**Instructions to follow**
Print exactly the line that contains "Well-organized kitchen drawers", then every following line through the end of the material; include nothing else and no pictures.

**Data section**
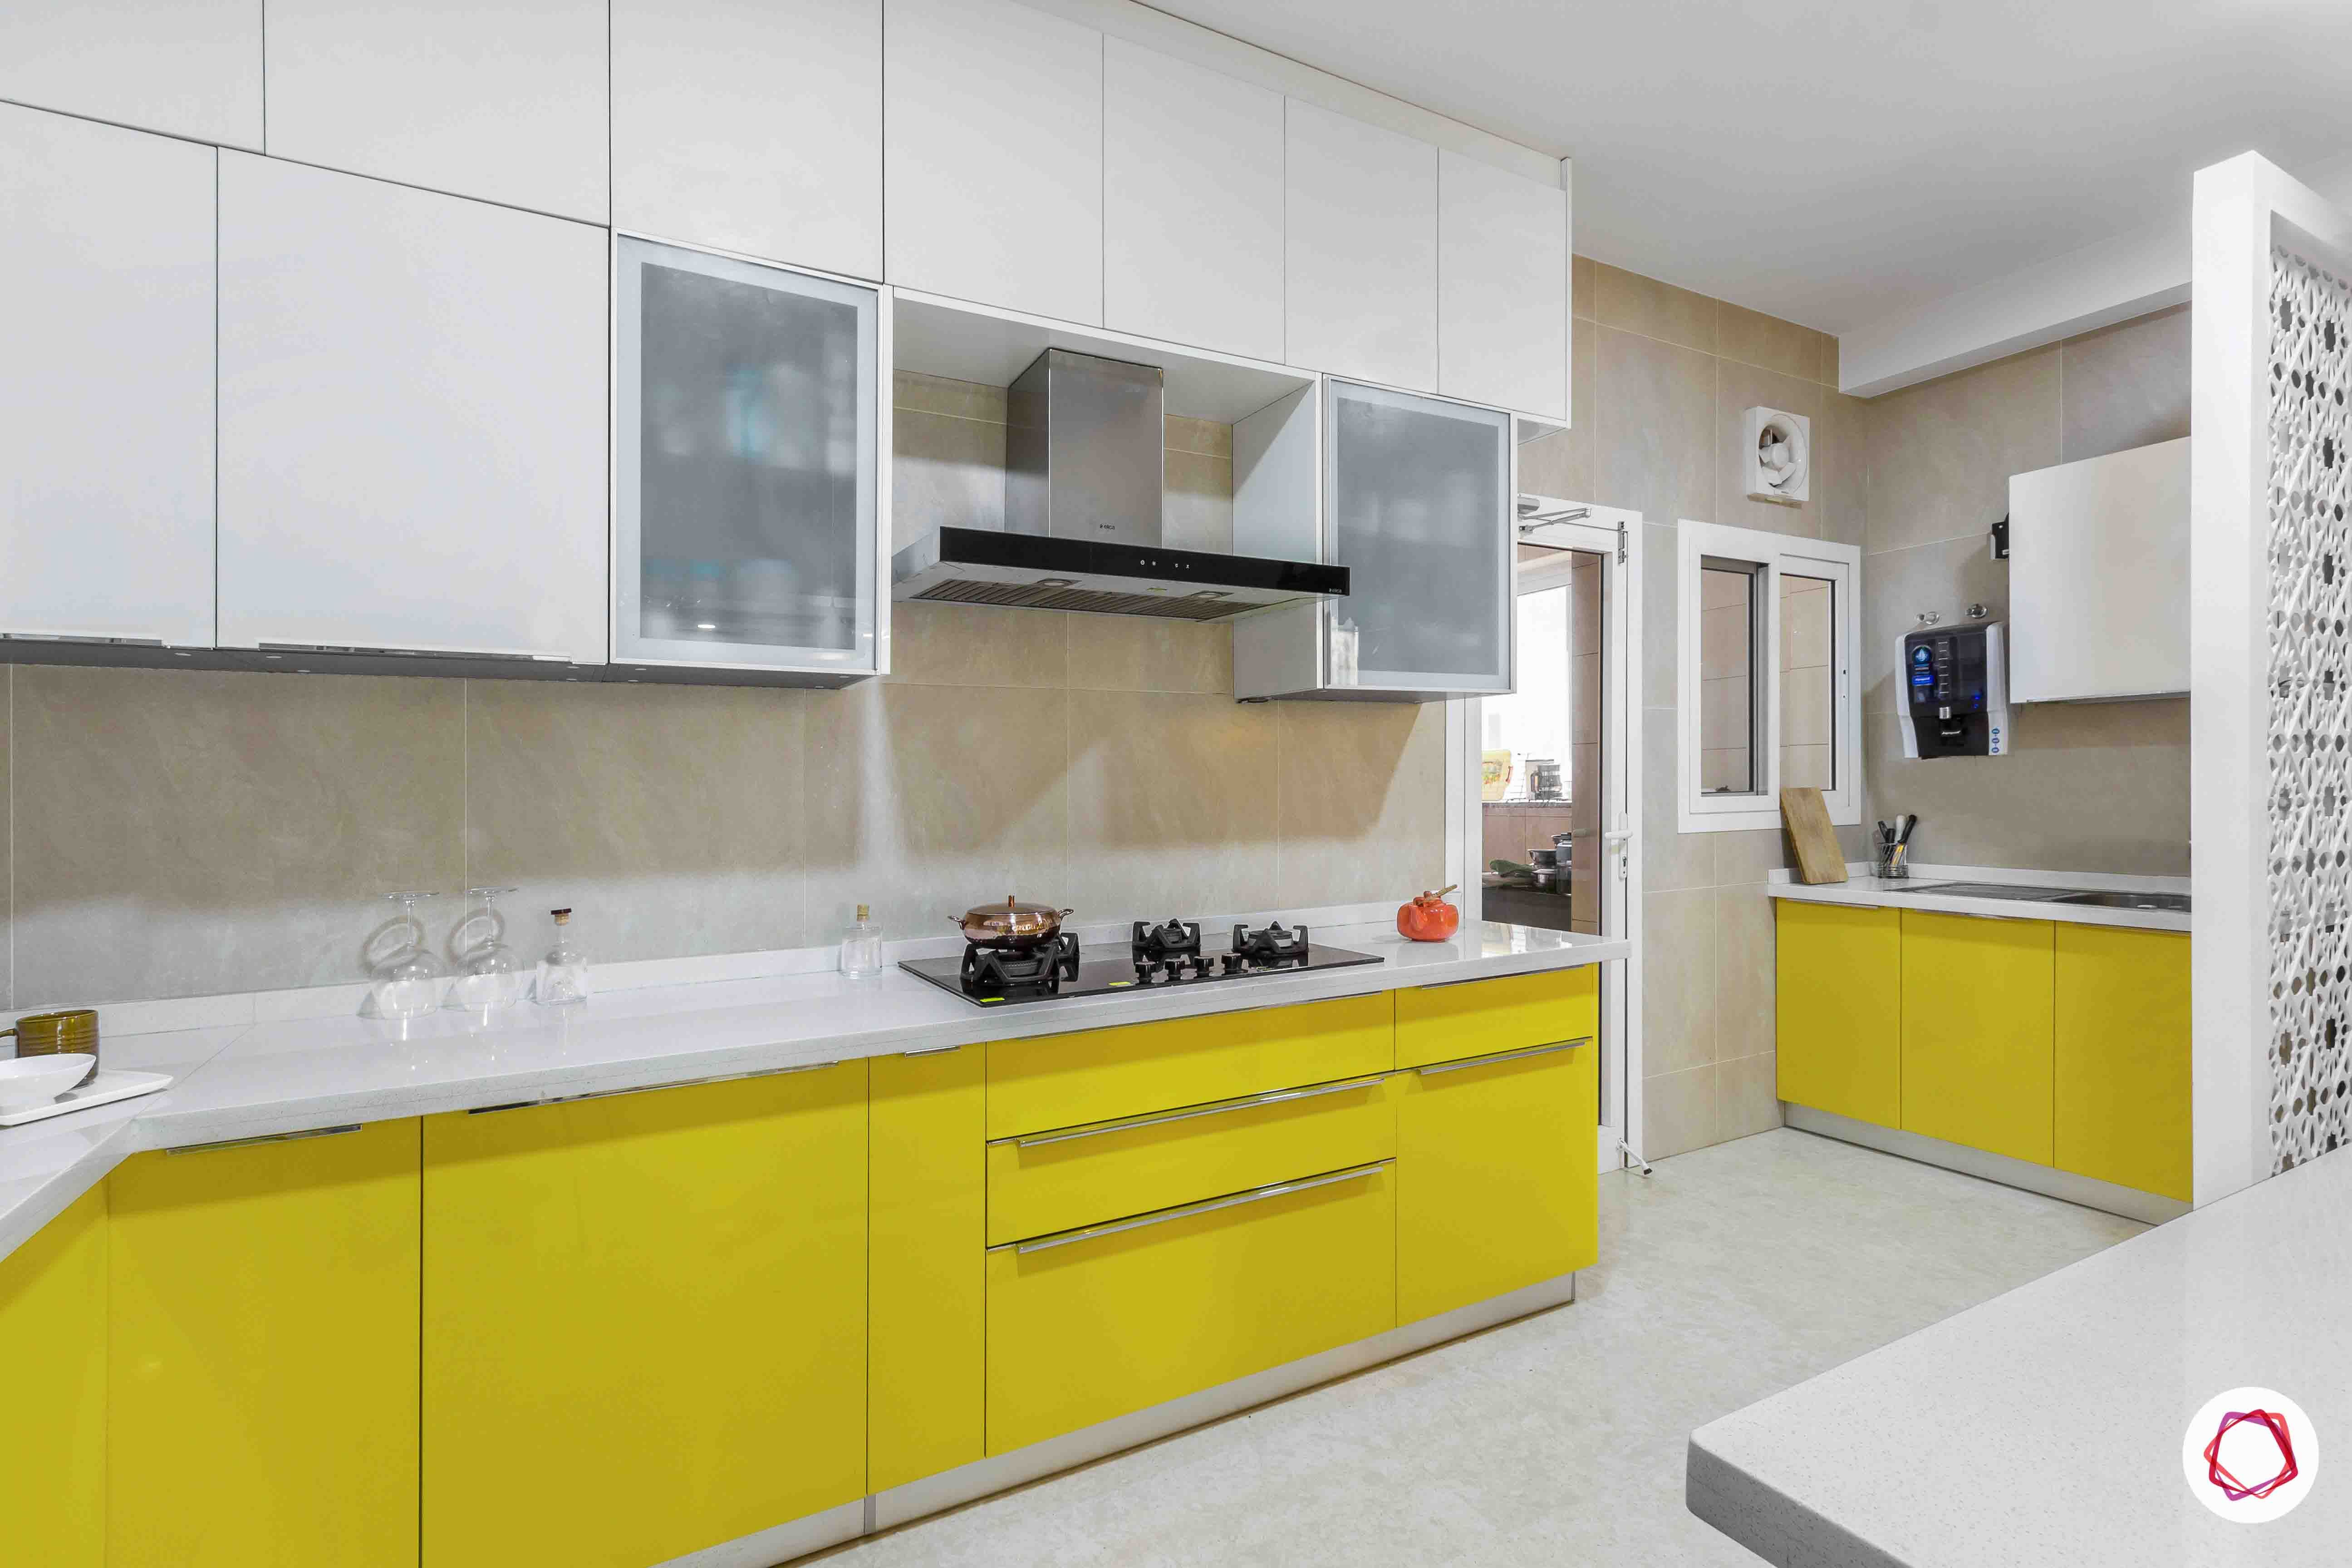 sobha forest view-modular kitchen design-quartz countertop-lofts-yellow base units-hob unit
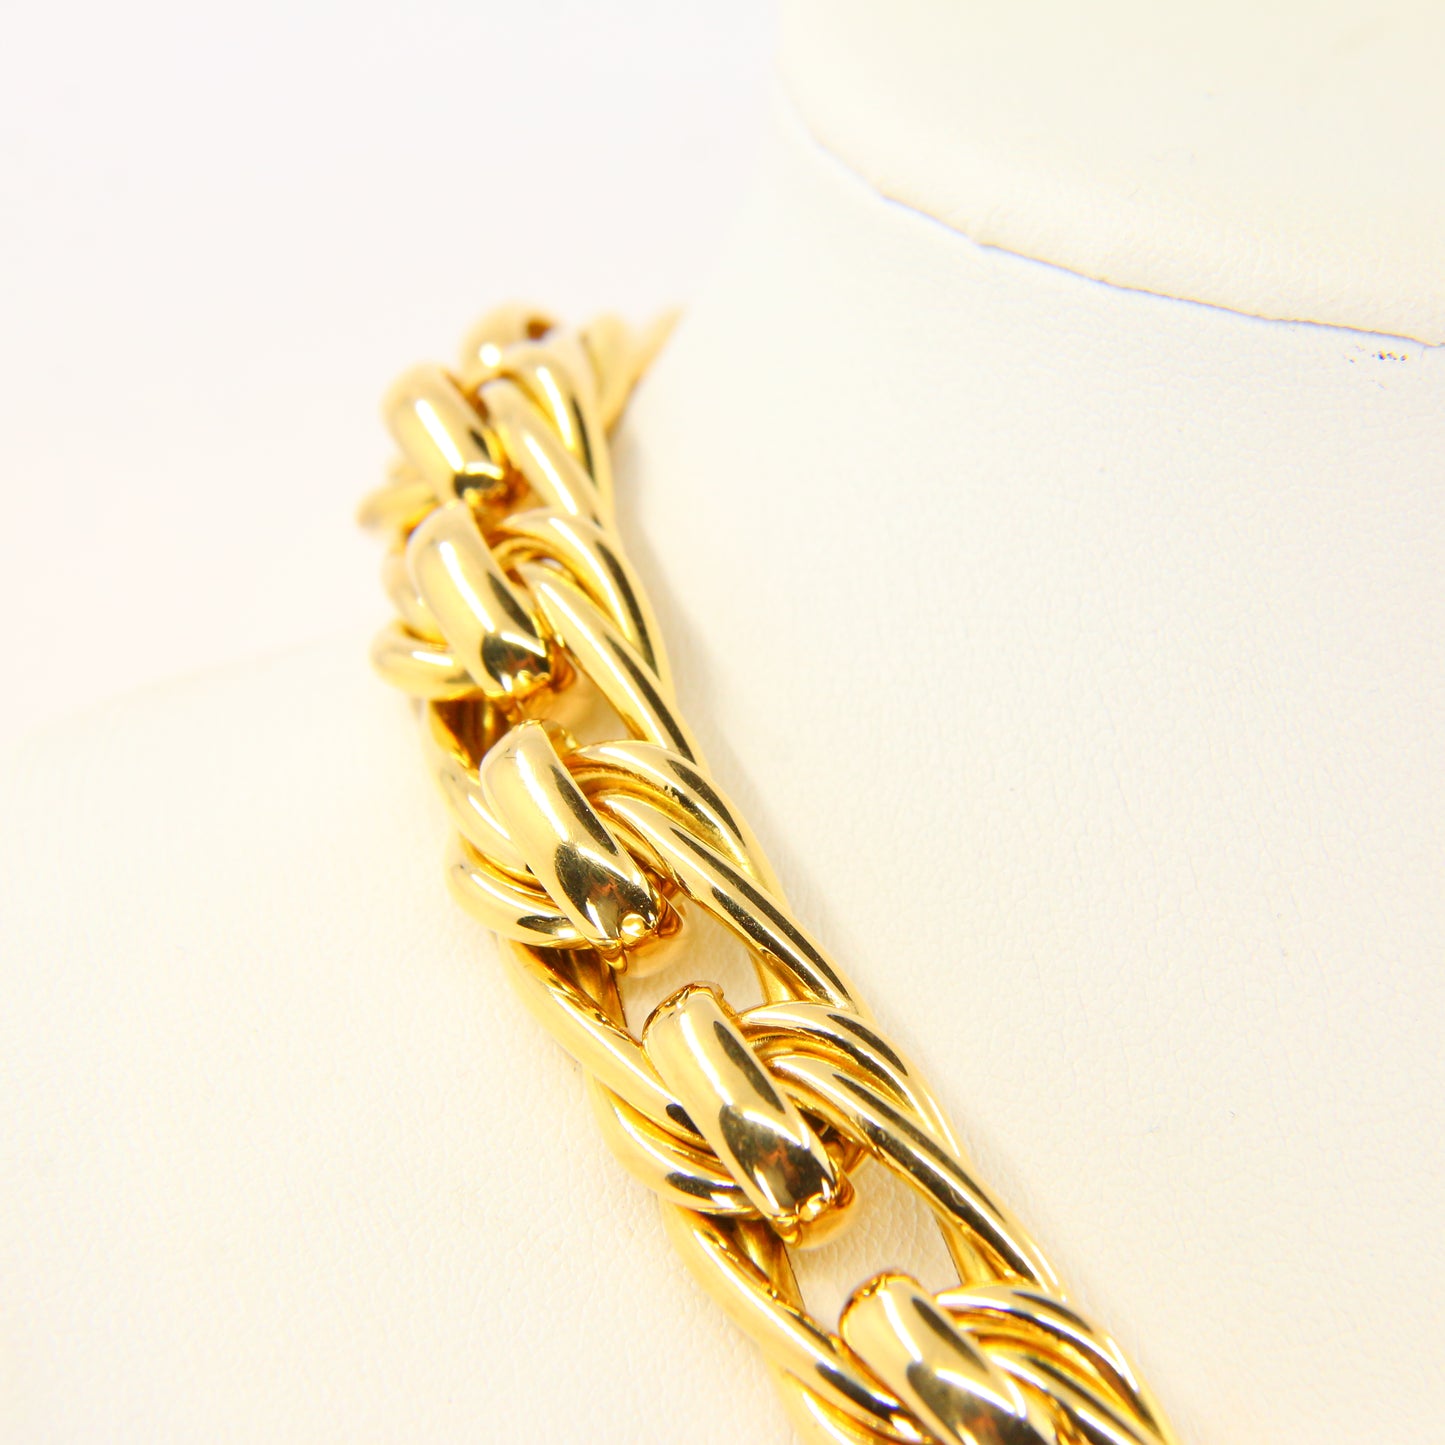 Vintage 18ct Heavy Yellow Gold Necklace British Hallmarked Gold Chain Necklace
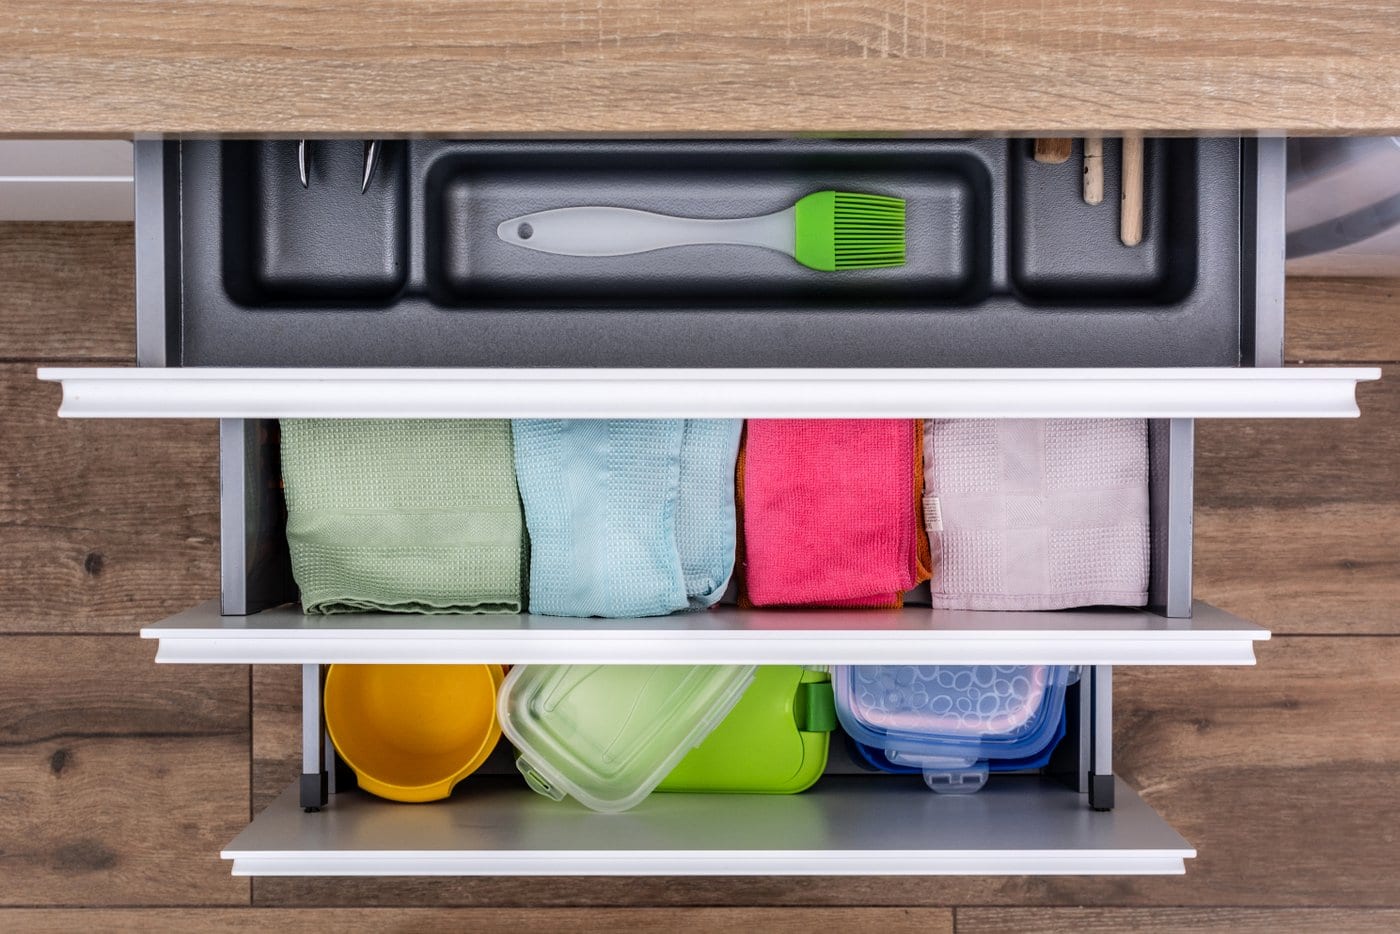 Well-organized kitchen drawers
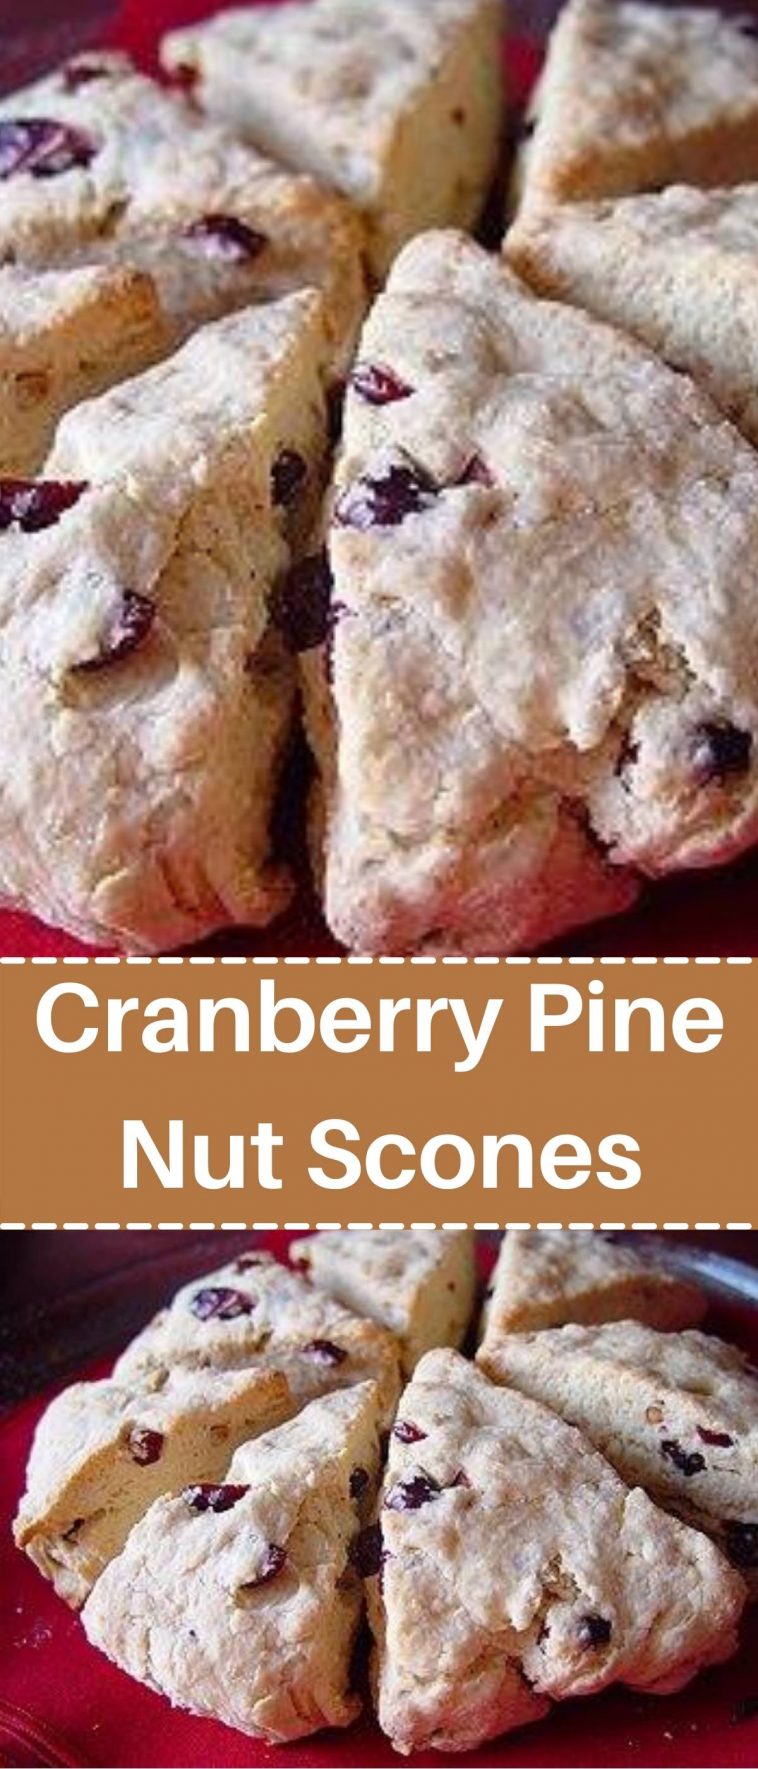 Cranberry Pine Nut Scones

**Written answer**
 Well-organized kitchen drawers
 Cranberry Pine Nut Scones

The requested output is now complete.